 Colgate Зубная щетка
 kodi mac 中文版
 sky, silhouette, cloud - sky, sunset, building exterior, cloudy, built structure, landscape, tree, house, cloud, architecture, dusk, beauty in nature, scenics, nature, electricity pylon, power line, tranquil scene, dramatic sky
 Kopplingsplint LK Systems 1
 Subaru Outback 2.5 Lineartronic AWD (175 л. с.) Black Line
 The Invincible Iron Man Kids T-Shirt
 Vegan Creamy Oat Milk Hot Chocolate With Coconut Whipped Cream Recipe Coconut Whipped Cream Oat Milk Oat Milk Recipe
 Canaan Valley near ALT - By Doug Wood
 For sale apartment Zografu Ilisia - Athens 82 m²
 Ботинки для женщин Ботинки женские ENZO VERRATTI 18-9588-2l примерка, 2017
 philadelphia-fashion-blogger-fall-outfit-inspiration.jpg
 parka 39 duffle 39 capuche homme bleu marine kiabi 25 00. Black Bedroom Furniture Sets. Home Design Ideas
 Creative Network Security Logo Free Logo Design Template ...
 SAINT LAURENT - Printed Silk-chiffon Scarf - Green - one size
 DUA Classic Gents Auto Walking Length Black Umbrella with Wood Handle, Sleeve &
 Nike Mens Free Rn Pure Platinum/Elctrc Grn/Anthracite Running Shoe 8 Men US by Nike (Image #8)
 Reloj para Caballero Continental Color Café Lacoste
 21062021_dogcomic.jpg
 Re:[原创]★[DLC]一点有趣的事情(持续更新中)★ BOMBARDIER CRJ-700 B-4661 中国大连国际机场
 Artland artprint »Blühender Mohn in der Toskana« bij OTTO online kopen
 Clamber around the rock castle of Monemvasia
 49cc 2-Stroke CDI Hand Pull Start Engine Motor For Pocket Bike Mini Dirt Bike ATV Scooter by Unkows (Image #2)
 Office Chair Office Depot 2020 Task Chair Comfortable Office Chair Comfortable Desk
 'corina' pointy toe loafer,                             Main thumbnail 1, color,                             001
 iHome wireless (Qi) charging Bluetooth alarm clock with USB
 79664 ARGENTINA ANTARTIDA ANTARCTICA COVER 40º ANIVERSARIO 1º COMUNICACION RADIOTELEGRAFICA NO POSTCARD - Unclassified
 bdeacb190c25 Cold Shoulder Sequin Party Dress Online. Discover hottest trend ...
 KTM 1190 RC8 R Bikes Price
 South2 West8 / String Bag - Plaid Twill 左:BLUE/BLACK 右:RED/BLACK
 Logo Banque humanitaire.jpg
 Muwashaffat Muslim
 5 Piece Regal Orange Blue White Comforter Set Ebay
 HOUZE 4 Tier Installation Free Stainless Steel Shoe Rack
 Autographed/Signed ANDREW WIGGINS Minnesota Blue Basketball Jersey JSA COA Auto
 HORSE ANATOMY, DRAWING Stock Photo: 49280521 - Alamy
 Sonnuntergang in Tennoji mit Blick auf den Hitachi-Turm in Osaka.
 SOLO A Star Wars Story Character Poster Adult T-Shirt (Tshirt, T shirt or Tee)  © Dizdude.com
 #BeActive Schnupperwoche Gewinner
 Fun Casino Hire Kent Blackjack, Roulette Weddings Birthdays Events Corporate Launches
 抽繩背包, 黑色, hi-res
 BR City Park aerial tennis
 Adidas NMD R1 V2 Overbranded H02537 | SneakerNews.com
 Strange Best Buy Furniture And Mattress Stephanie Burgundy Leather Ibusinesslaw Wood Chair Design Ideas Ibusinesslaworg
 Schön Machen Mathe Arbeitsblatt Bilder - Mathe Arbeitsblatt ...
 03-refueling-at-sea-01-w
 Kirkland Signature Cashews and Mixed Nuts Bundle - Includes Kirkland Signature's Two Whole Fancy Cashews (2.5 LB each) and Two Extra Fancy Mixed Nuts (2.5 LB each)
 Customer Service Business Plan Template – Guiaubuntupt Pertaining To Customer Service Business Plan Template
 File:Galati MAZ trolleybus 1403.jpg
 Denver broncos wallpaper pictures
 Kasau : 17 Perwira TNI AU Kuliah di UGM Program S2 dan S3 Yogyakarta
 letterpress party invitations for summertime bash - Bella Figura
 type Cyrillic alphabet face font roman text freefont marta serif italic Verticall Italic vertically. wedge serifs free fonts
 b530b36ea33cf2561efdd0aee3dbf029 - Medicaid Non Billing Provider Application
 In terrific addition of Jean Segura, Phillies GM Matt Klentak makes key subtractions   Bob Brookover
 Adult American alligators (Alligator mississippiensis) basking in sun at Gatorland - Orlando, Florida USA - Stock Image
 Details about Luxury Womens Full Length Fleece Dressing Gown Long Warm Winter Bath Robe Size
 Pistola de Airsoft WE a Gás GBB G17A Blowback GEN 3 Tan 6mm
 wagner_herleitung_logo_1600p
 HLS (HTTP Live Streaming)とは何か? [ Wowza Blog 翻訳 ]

:: Exercise instructions ::
An exact, complete copy of the lines above from the one with "iHome wireless (Qi)" through the one with "5 Piece Regal" is the whole answer.

:: Response to this task ::
 iHome wireless (Qi) charging Bluetooth alarm clock with USB
 79664 ARGENTINA ANTARTIDA ANTARCTICA COVER 40º ANIVERSARIO 1º COMUNICACION RADIOTELEGRAFICA NO POSTCARD - Unclassified
 bdeacb190c25 Cold Shoulder Sequin Party Dress Online. Discover hottest trend ...
 KTM 1190 RC8 R Bikes Price
 South2 West8 / String Bag - Plaid Twill 左:BLUE/BLACK 右:RED/BLACK
 Logo Banque humanitaire.jpg
 Muwashaffat Muslim
 5 Piece Regal Orange Blue White Comforter Set Ebay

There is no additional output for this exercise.